Writer and reader Rachael King revisits more childhood reads that satisfy just as much now as they did then. (Read part one here.)
“No book is really worth reading at 10,” wrote C.S. Lewis in his essay On Stories, “which is not equally – and often far more – worth reading at the age of 50 and beyond.”
Did I expect, as a 10- (and 11-, and 12-) year-old, to be returning, in the distant, unknowable, unimaginable future, to the books I was reading at the time? When I would be old? Fifty even?

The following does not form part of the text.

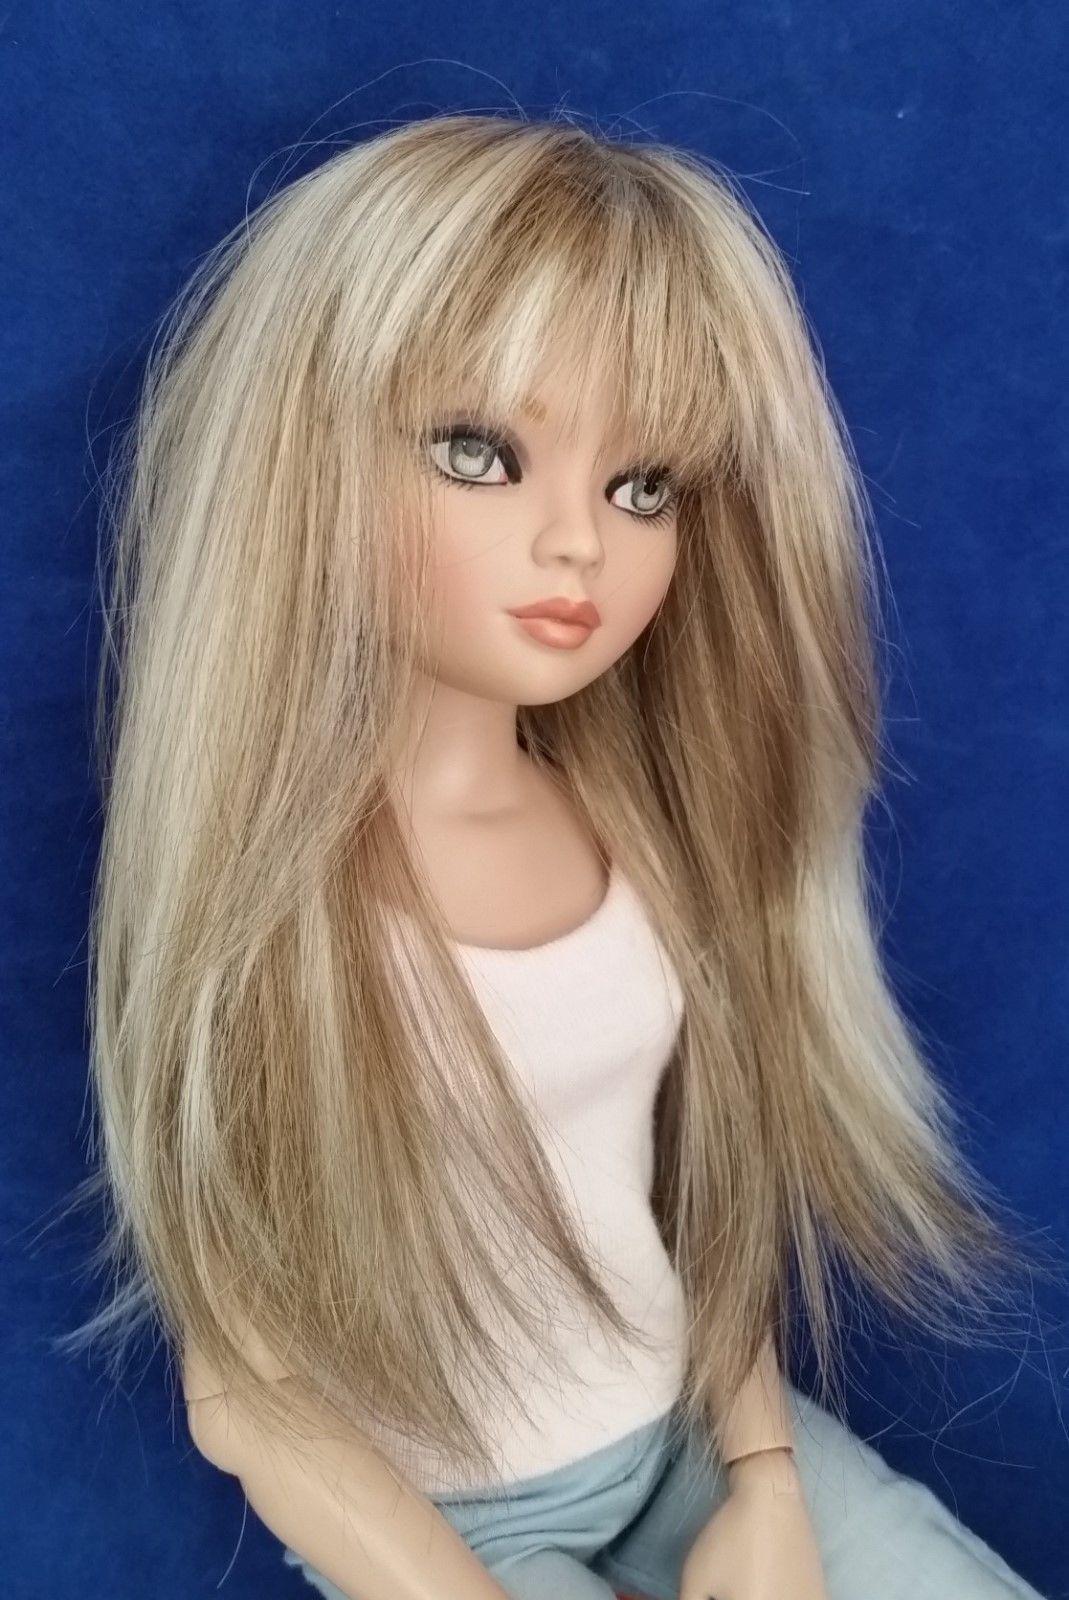 Monique HEART Wig 6//7 for Senson Ellowyne Pukifee Doll Iplehouse REDDISH BLONDE

Perhaps. Some of the books I read as a child I knew would be with me always. Children’s author Katherine Rundell said recently on the excellent Island of Brilliant podcast: “Kids are the best readers… they take the stories and they go into their blood and into their bones and cartilage, and they walk around with those stories until they die… With adult readers you’re talking to them across the table; with a child reader you are cheek-to-cheek and whispering in their ear.”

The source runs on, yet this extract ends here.